→ **Your objective**
Beginning with the line below that contains "Fiskeriet er mange" and ending with the line that contains "steder blevet nærmest", copy every line exactly. Copy nothing else.

━━━━━ Information shown ━━━━━

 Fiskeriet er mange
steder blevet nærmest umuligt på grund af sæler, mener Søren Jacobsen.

━━━━━
━━━━━ Information shown ━━━━━

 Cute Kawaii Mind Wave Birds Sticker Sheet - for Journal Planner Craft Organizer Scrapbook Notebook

━━━━━

→ **Final answer**
 Fiskeriet er mange
steder blevet nærmest umuligt på grund af sæler, mener Søren Jacobsen.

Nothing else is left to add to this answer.